Manifestations of fibrosis in children of the first year of life
At birth in 20% of children, fibrosis is manifested by signs of intestinal obstruction. This condition is called Mekonial Ileus. It develops as a result of the impairment of sodium suction, chlorine and water in the small intestine. As a result, the process of digestion is disturbed and the result is the magnification of the small intestine with dense and viscous meconium (original fender). For rare exceptions, the presence of a meconial Ileus indicates a fibrosis.
Long jaundice after birth is detected in 50% of children with Mekonial Ileus. However, she can independently be the first sign of the disease. Jaundice develops due to bile thickening, because of which the outflow of her gallbladder is difficult.
In the first year of life in a breast child, patient with fibrosis, a resistant dry cough is celebrated. The glands of the mucous membrane, lining the respiratory tract, produce a large number of viscous mucus, which, accumulating in bronchi, closes their clearance and prevents normal breathing. Since the mucus is stuffed, in it begin to multiply the pathogens of microorganisms, which causes purulent inflammation. Therefore, such children are frequent bronchitis and pneumonia. If violations from the respiratory system prevail among the manifestations of the fibrosis, then they talk about the pulmonary form of the disease.
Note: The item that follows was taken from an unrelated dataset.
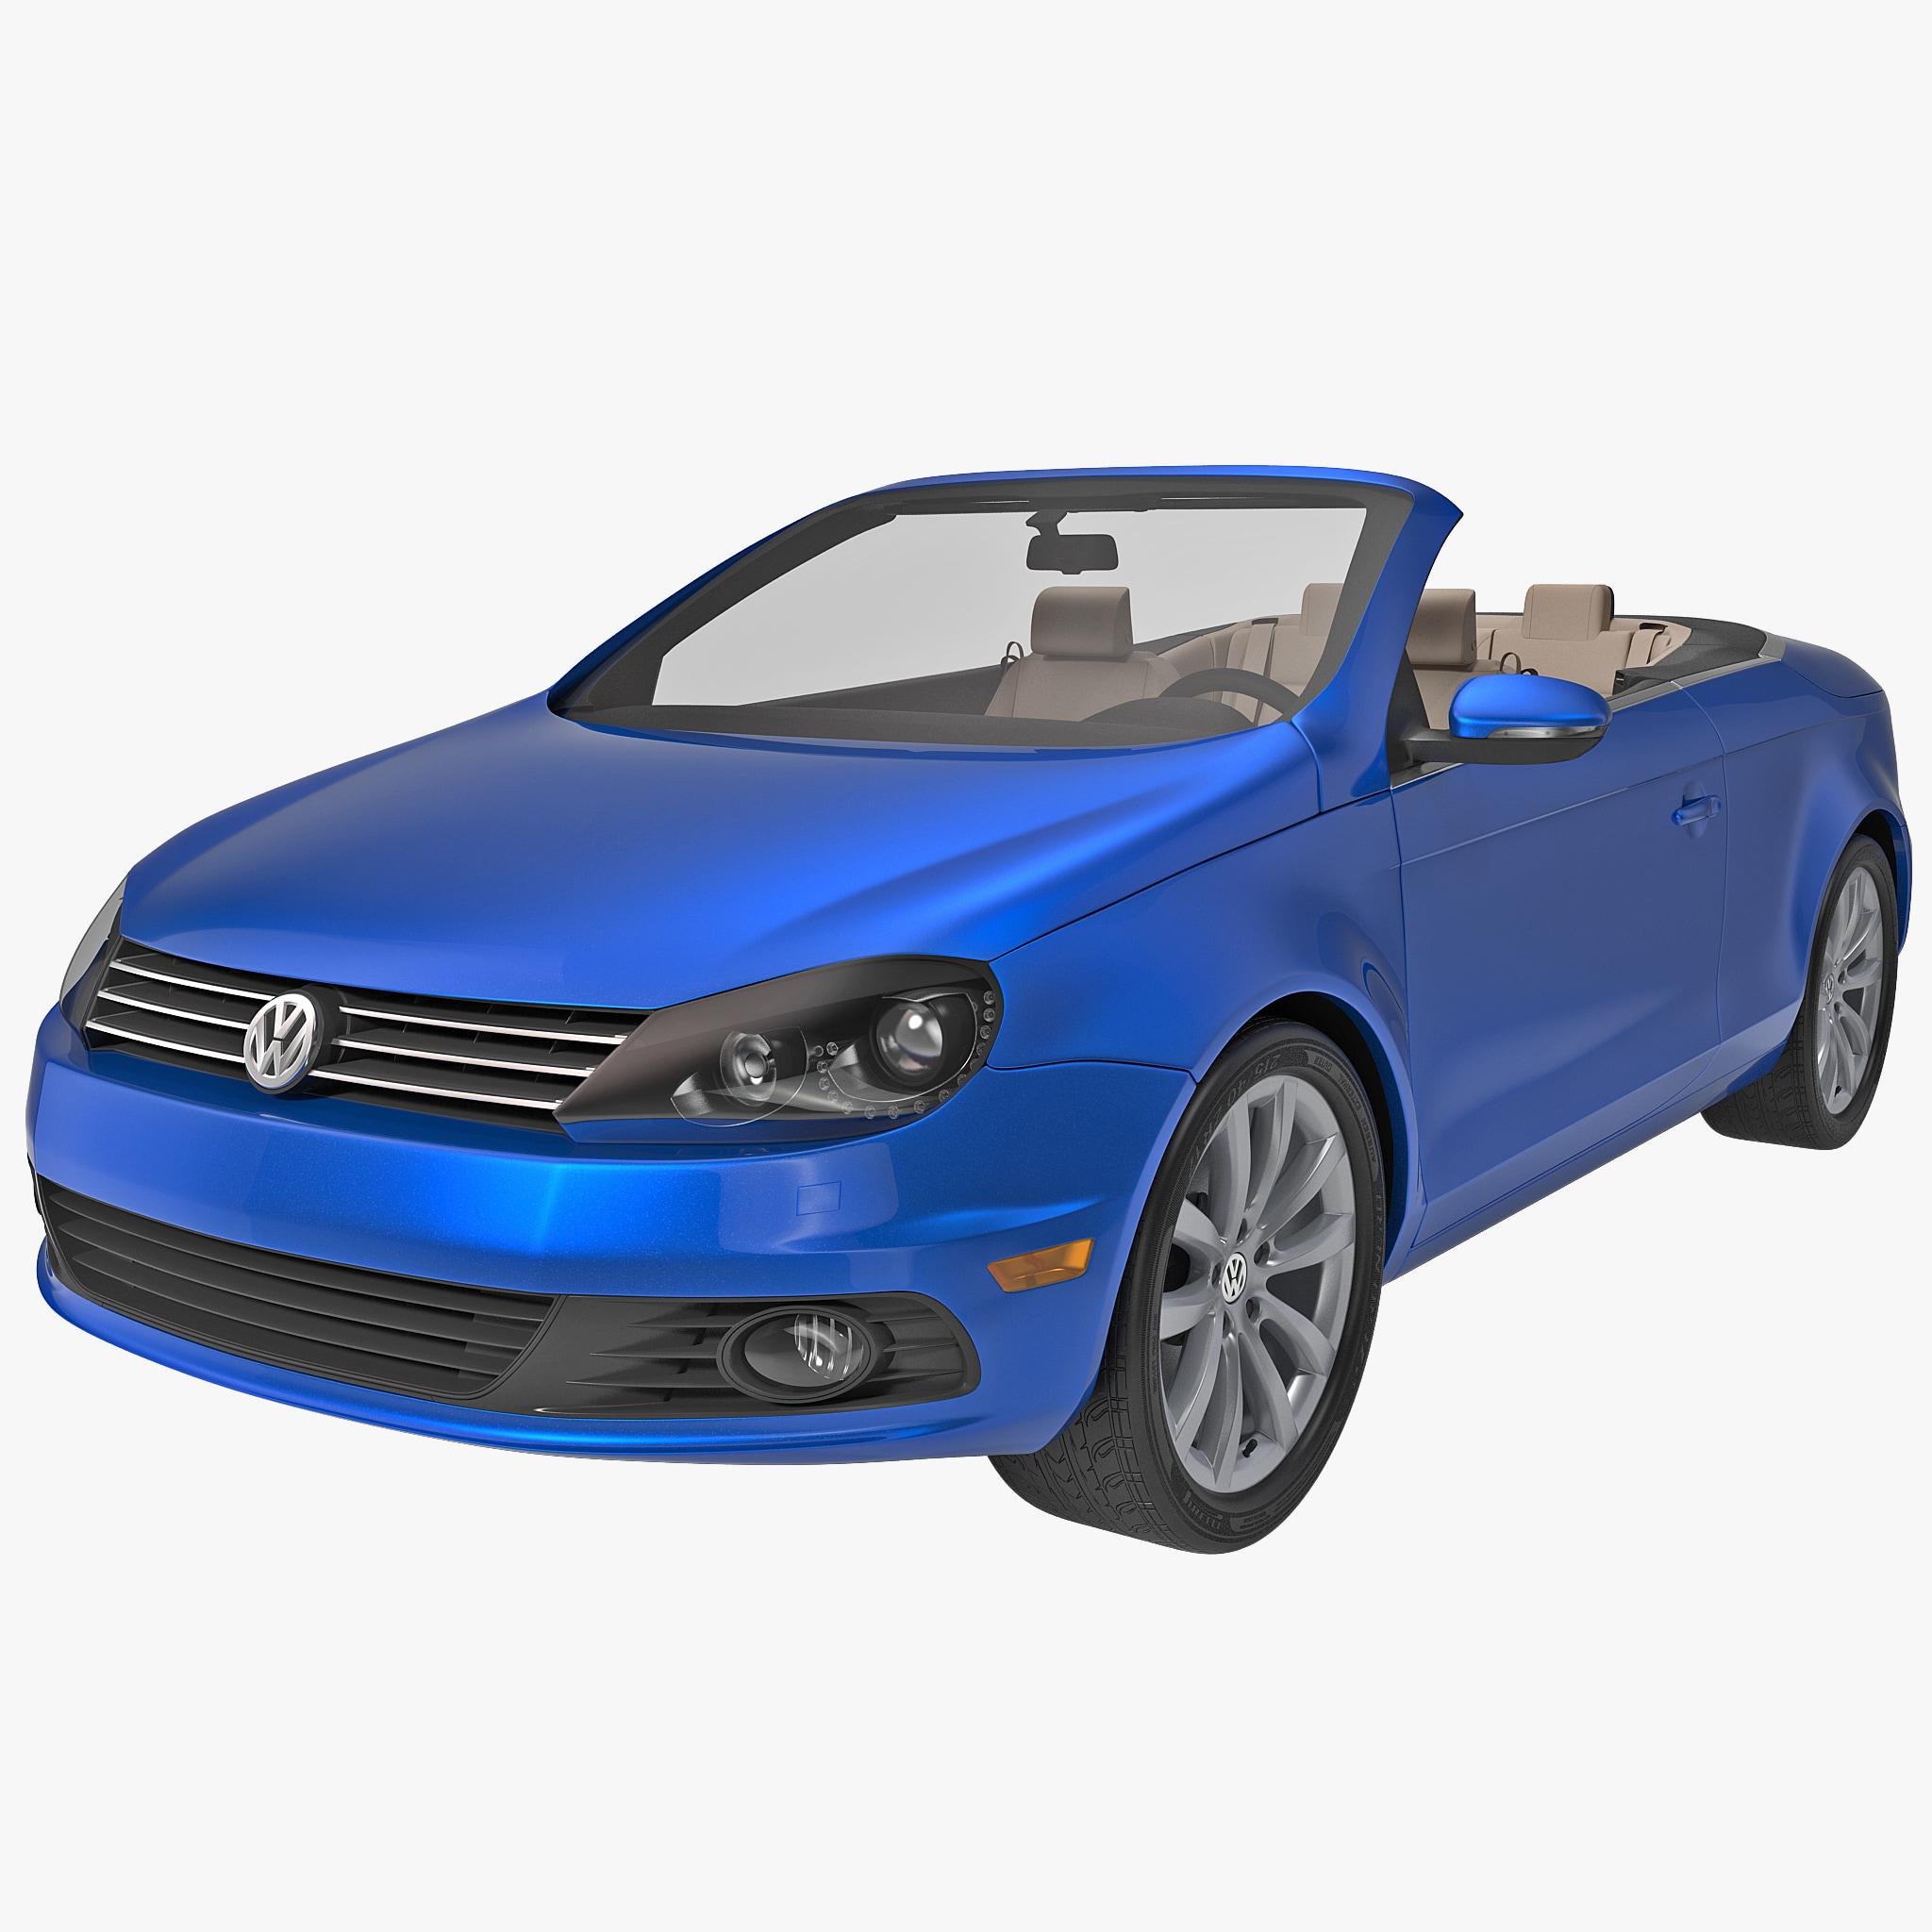 Eos Volkswagen Used: 3d Volkswagen Eos 2014 Convertible

The kid often has a lag in physical development — The child does not gain weight, he has a very weakly developed subcutaneous fatty fiber, noticeably lagging in growth compared to peers.
At the same time, a permanent manifestation of the disease is very frequent, abundant, slicer, oily chair containing undigested residues of food. Hard masses are difficult to wash off from diapers, can be clearly noticeable impurities. Such manifestations are developing due to the concentration of the pancreatic juice: bunches are clogged by its ducts. As a result, the pancreatic enzymes that actively affect the processes of digestion, do not reach the intestines — Disorders of the digestion and slowdown in metabolism, primarily fat and proteins.
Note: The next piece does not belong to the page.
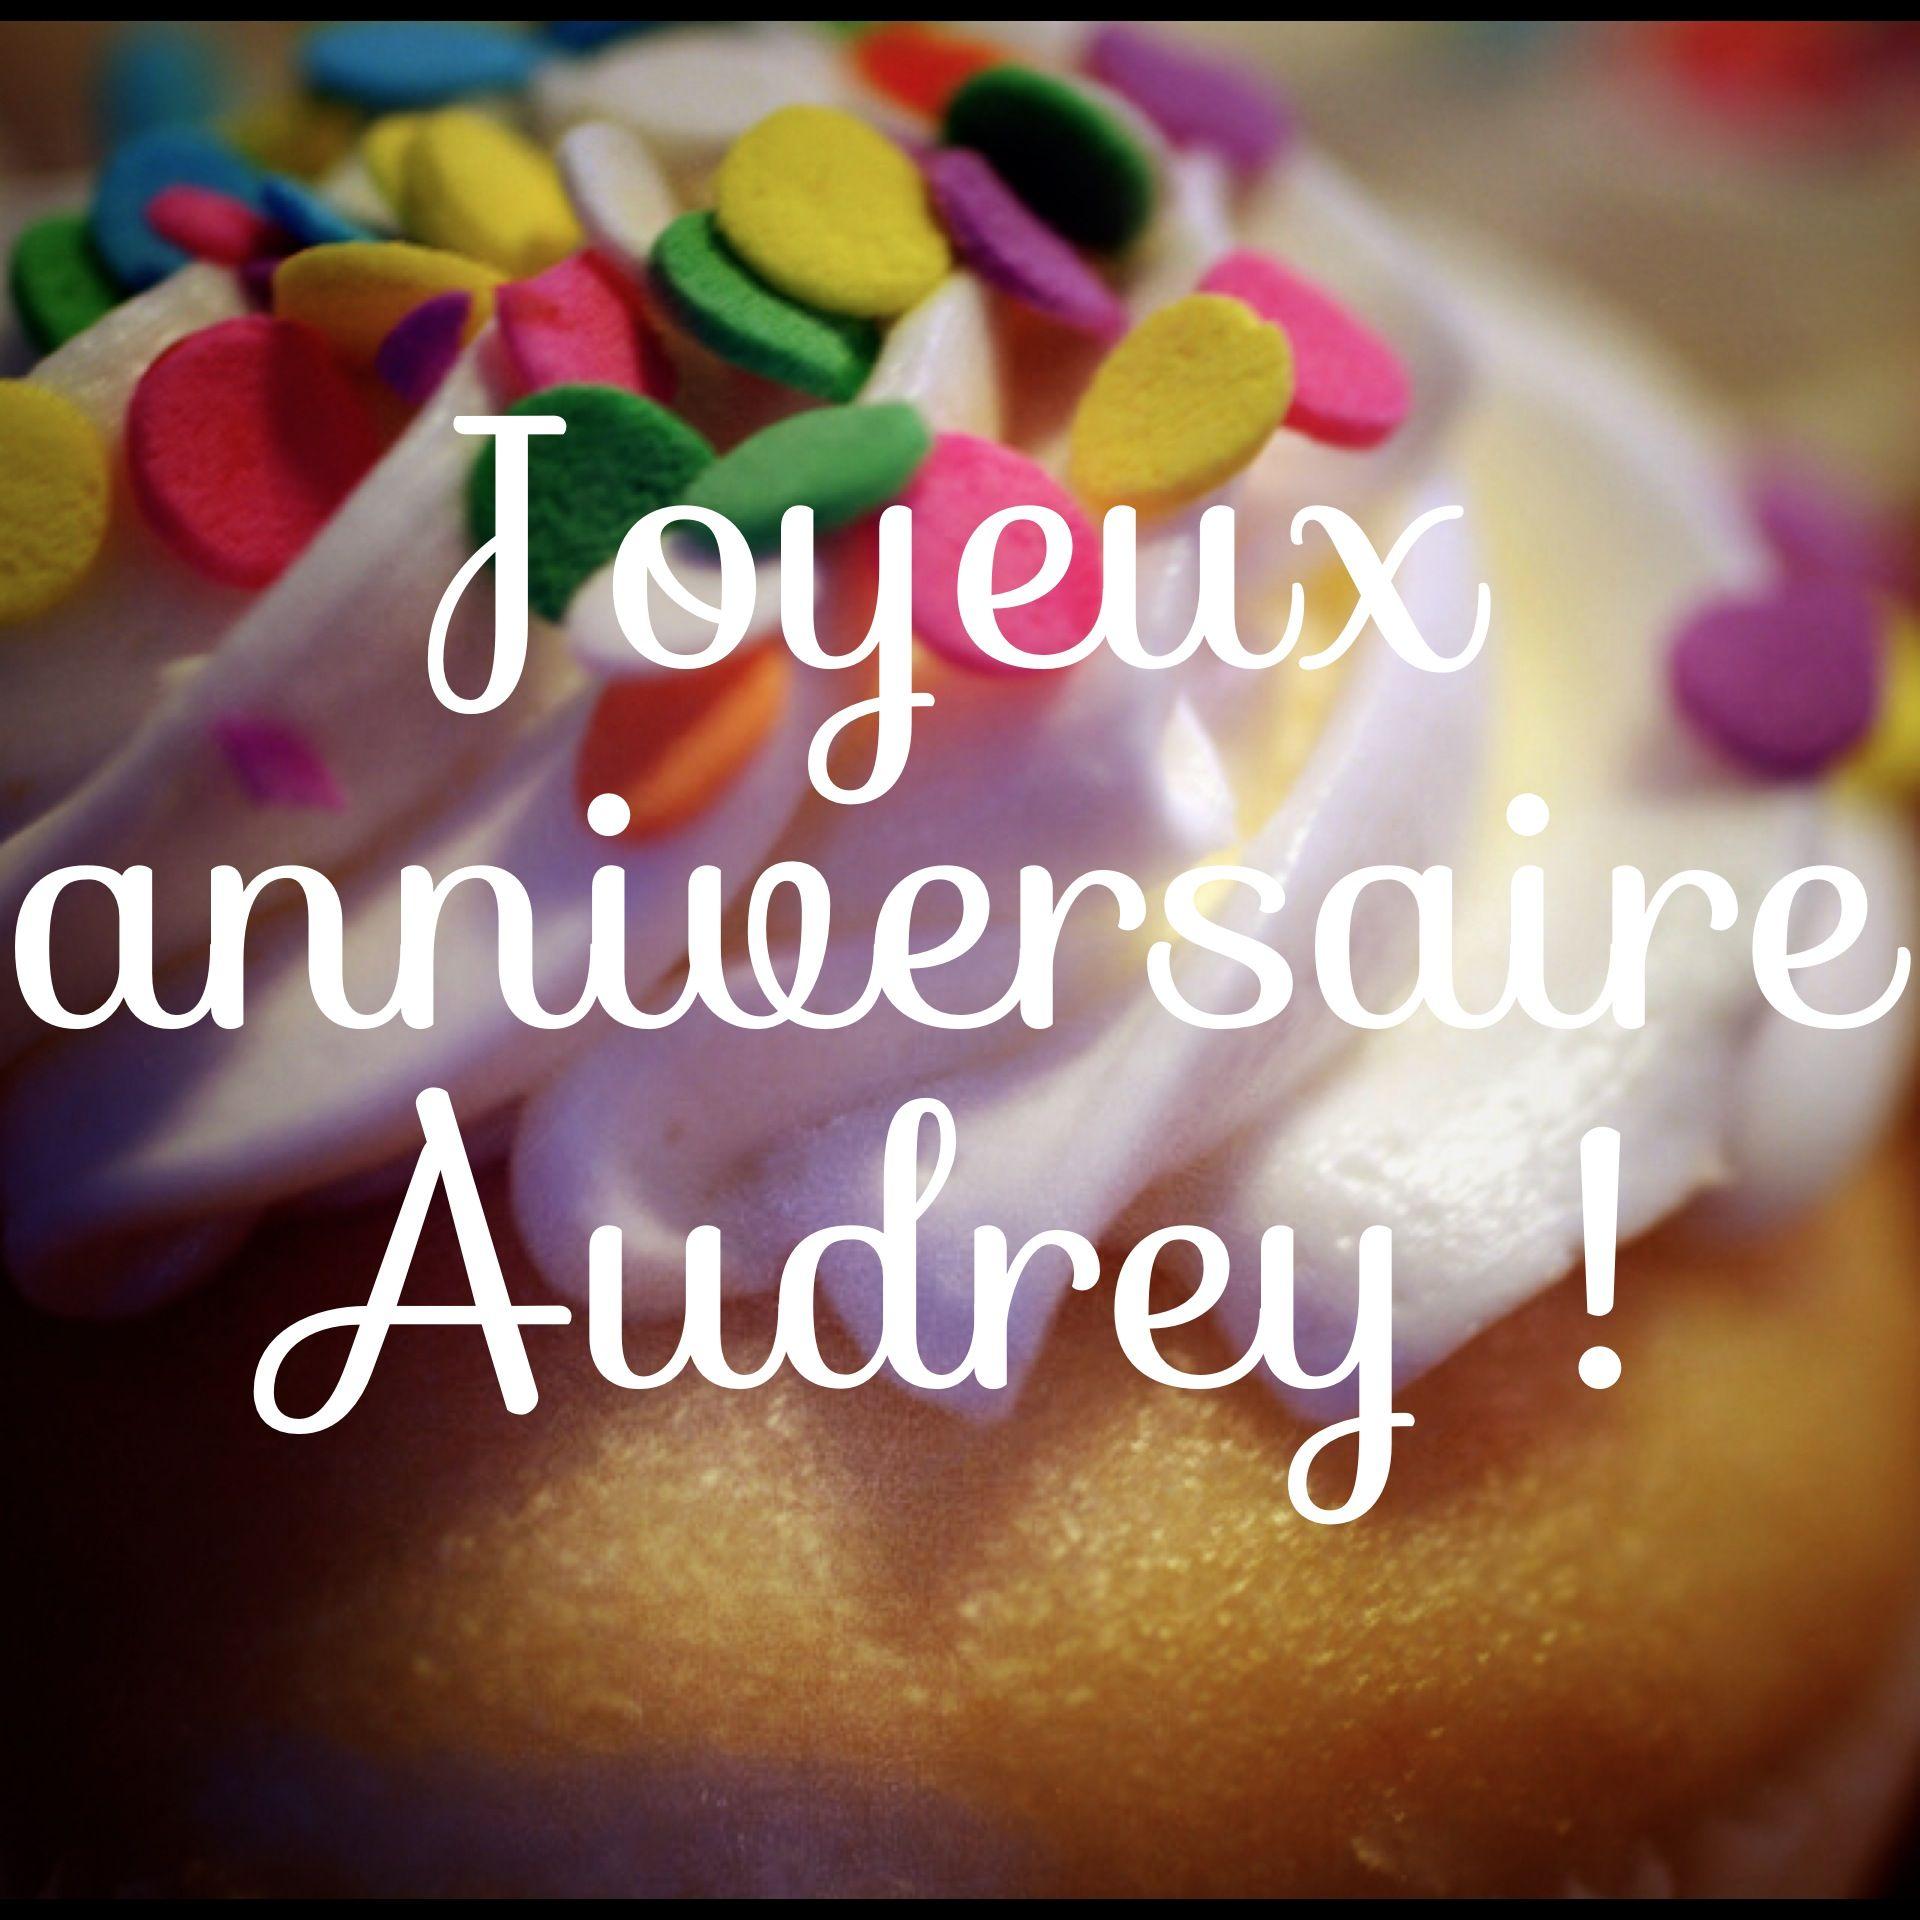 Joyeux anniversaire Audrey !

In the absence of appropriate treatment, it inevitably leads to the lag of the child in physical development. Pancreas enzymes, not falling into the intestines, break off the pancreas itself, accumulating in it. Therefore, often in the first month of life, the pancreas fabric is replaced by a connective tissue (hence the second name of the disease — kistofibrosis).
If during the disease, violations from the digestive system prevail, they are talking about the intestinal form of the fibrosis.
Most often there is a mixed form of the disease, when there are violations and from the respiratory side, and from the digestive system.
A very important feature of the fibrosis is a change in the composition of sweat.
In the sweat fluid, sodium and chlorine. Sometimes, when kissing, parents notice the salty taste of the child's skin, less often you can see crystalline salt on its skin.
In 5% of patients with fibrosis of children, the repulsion of the rectum may be observed (during defecation mucosa «Output» From the rear pass, which is accompanied by a child's concern). In the presence of such symptoms, you should consult a doctor, including to eliminate the fibrosis.